--- START ---

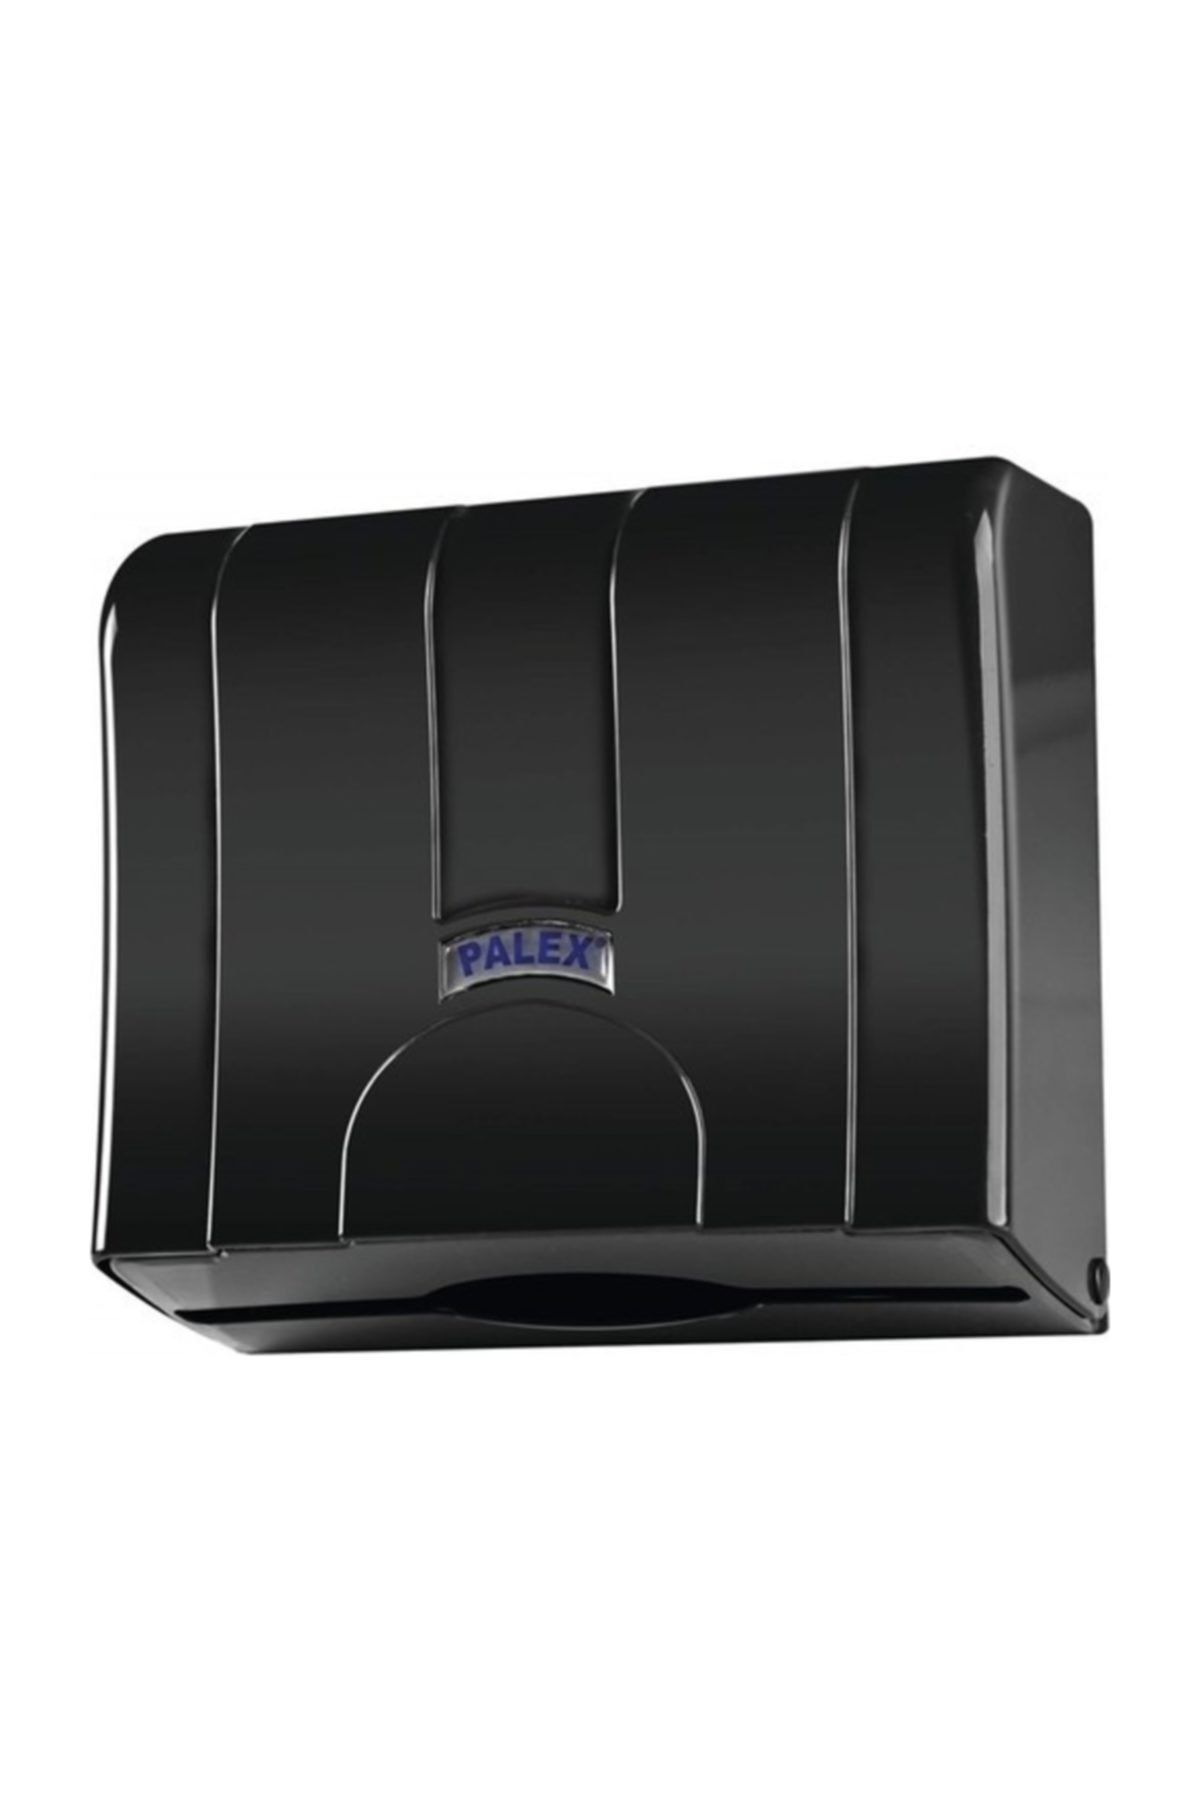 Palex 3570-s Standart Z Katlı Kağıt Havlu Dispenseri Siyah
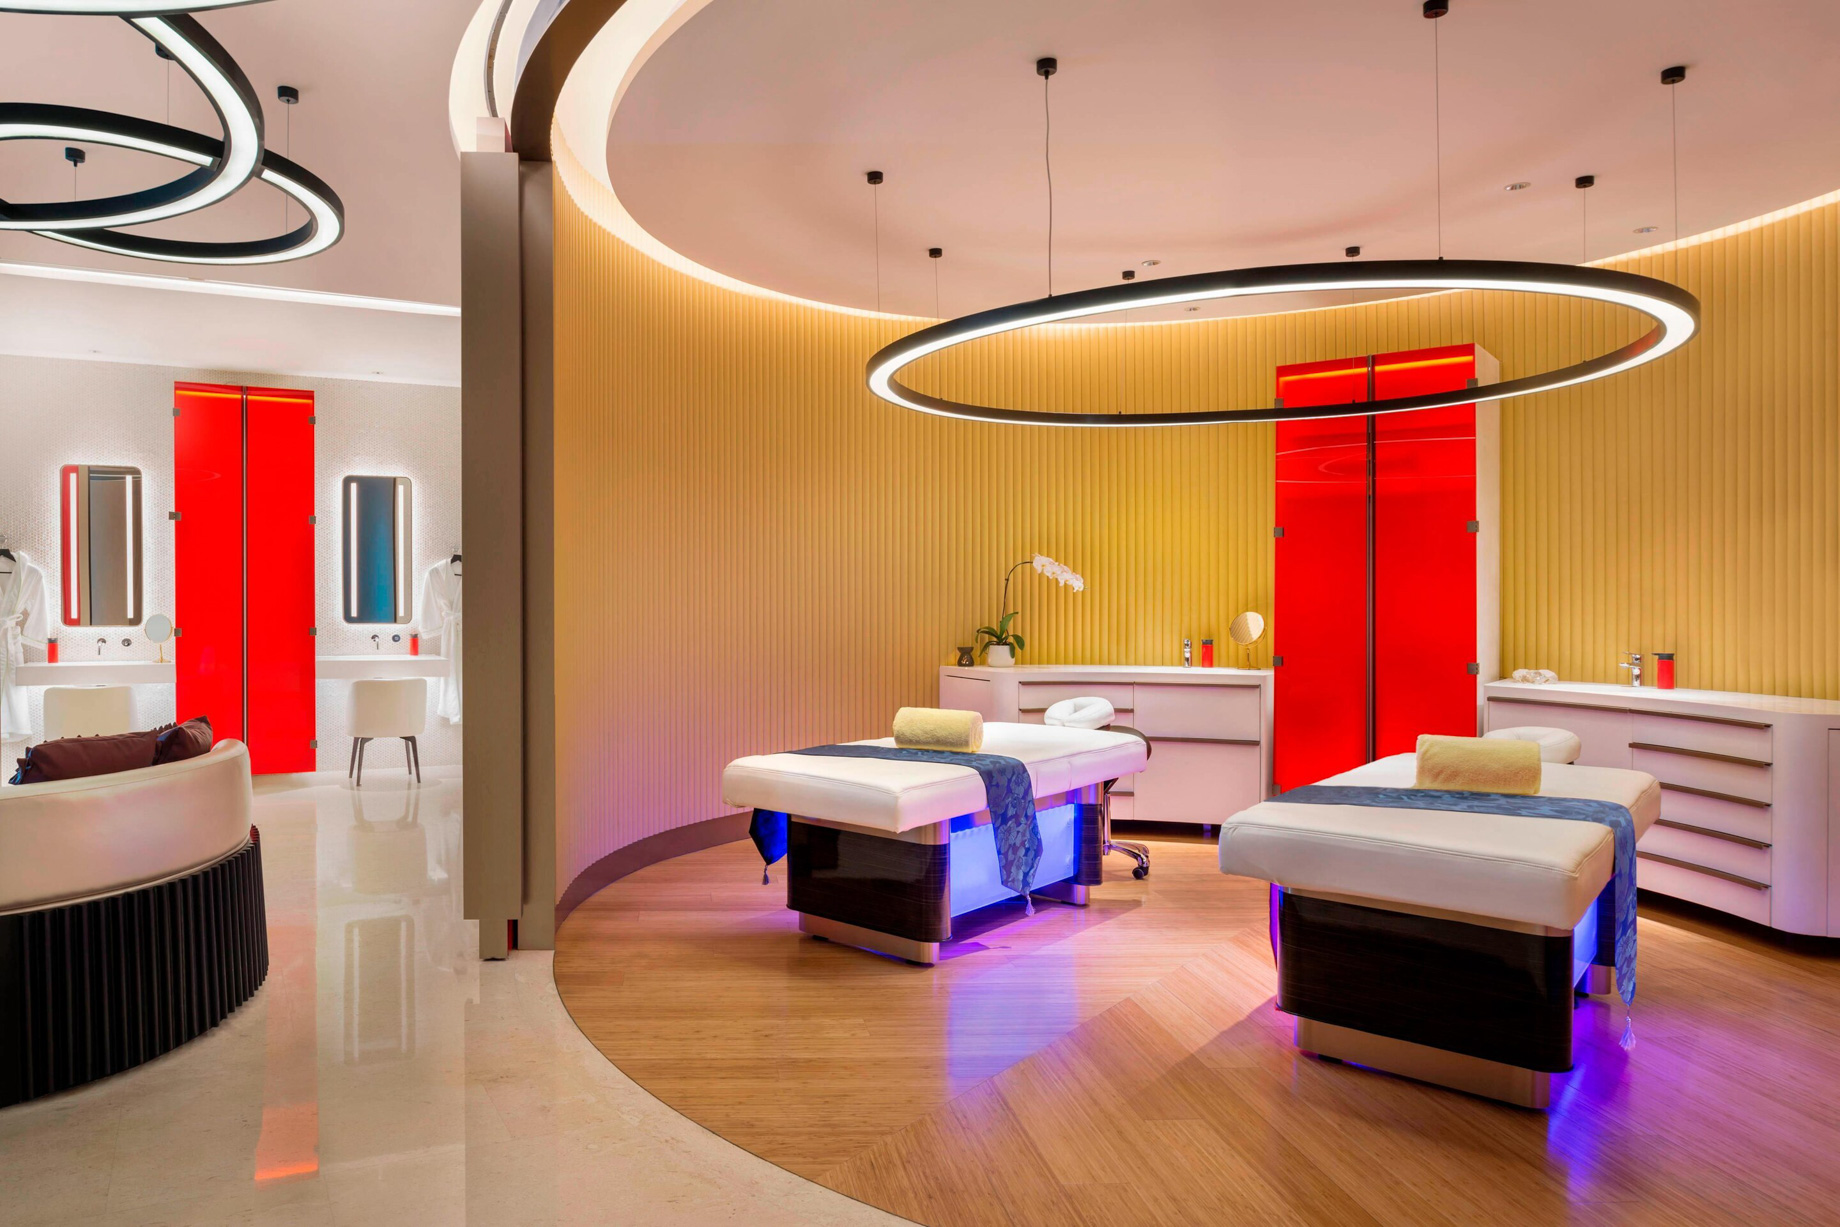 W Suzhou Hotel - Suzhou, China - AWAY Spa Treatment Room
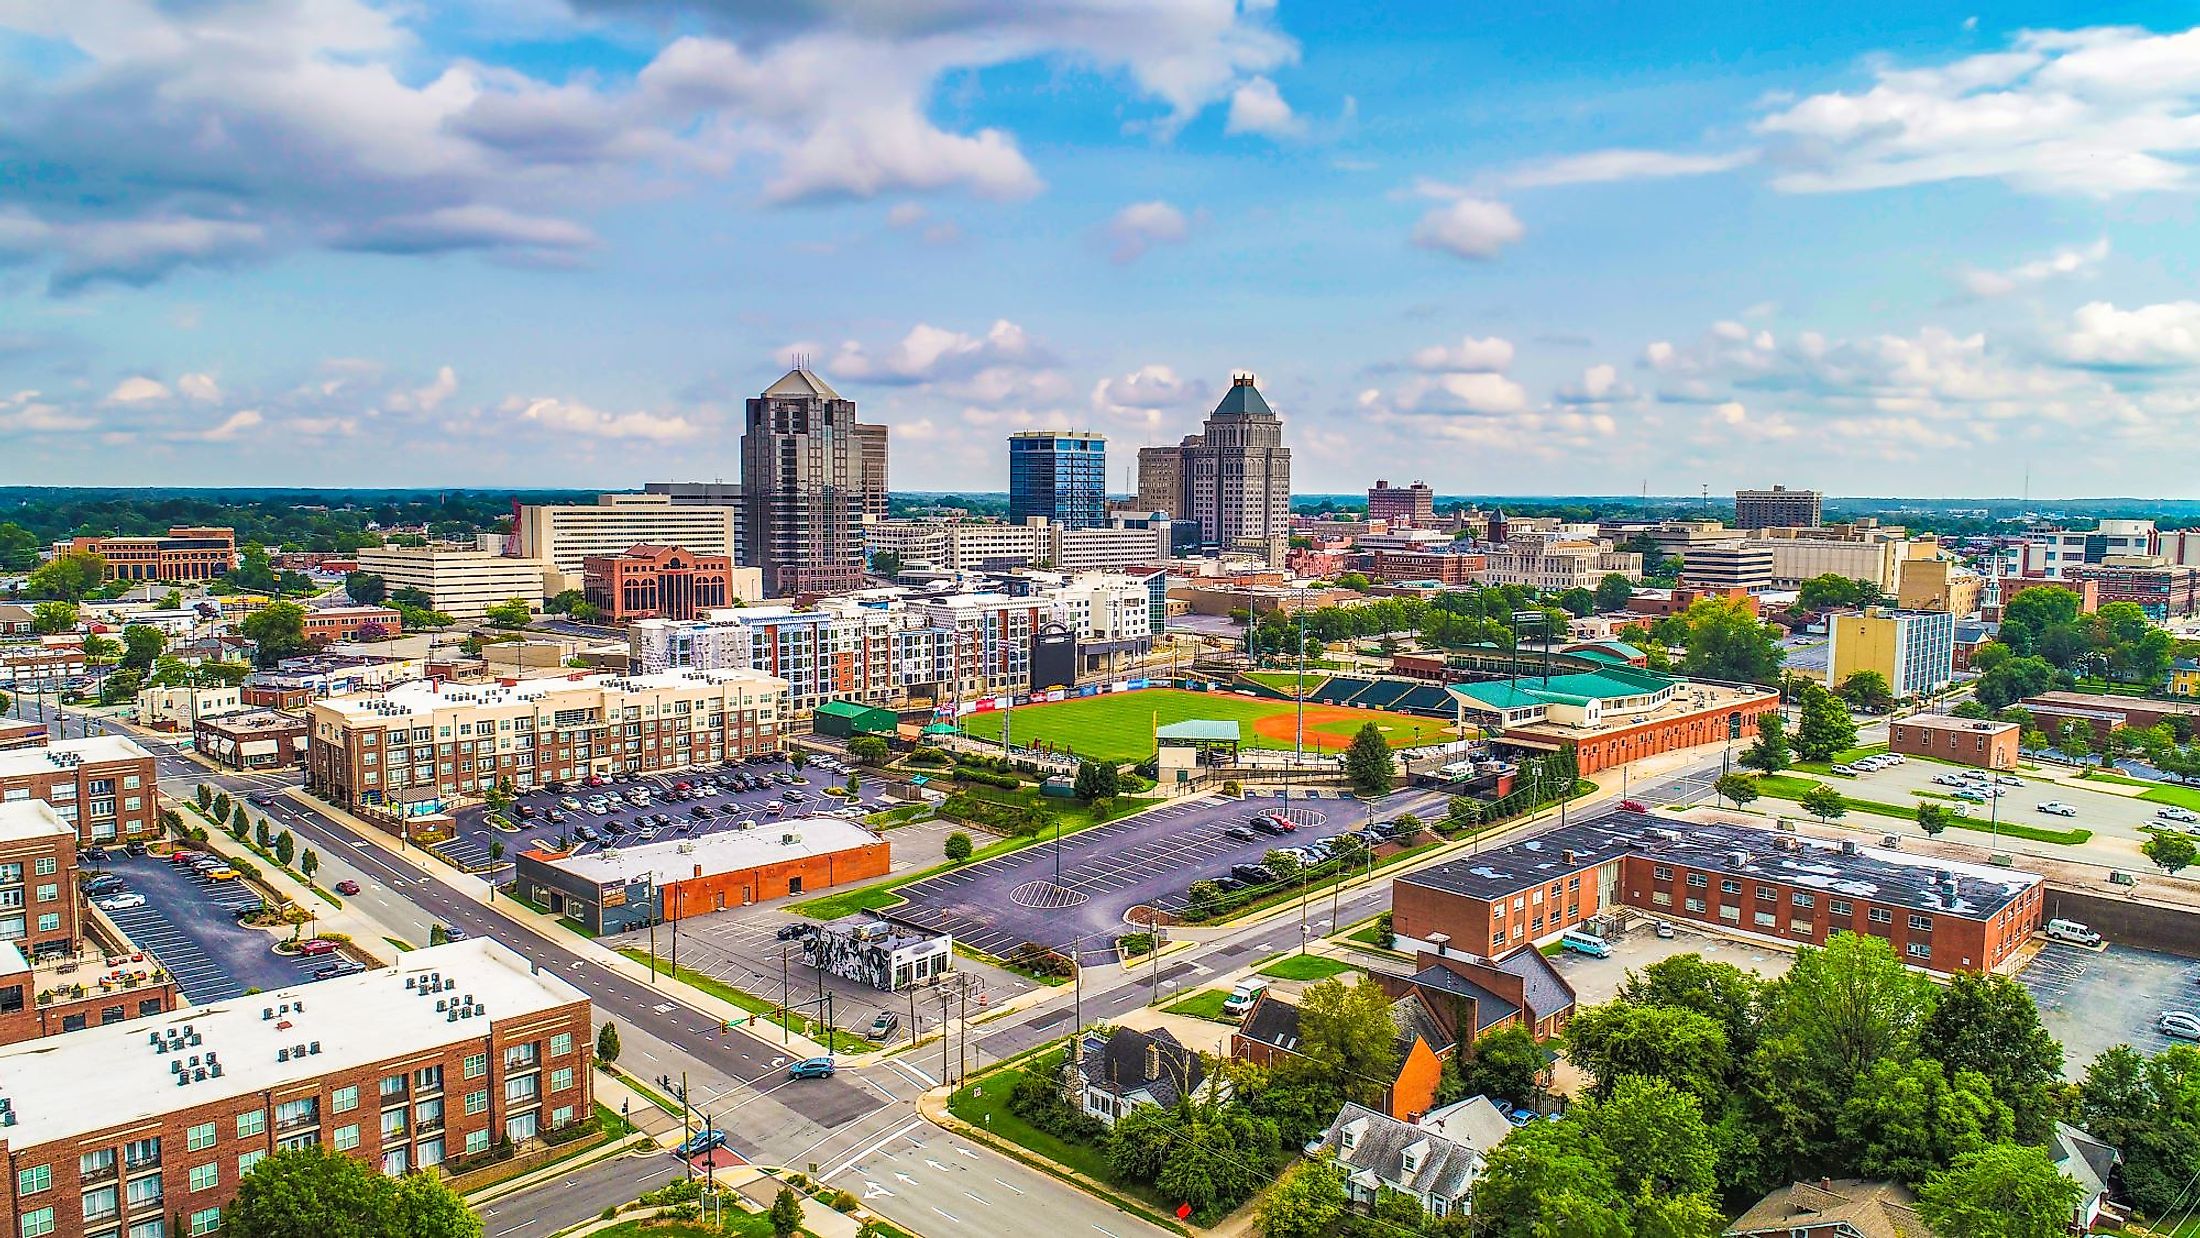 Aerial view of downtown Greensboro, North Carolina

--- END ---

What is needed is the full material, retyped unchanged, with no pictures in it.

 Palex 3570-s Standart Z Katlı Kağıt Havlu Dispenseri Siyah
 W Suzhou Hotel - Suzhou, China - AWAY Spa Treatment Room
 Aerial view of downtown Greensboro, North Carolina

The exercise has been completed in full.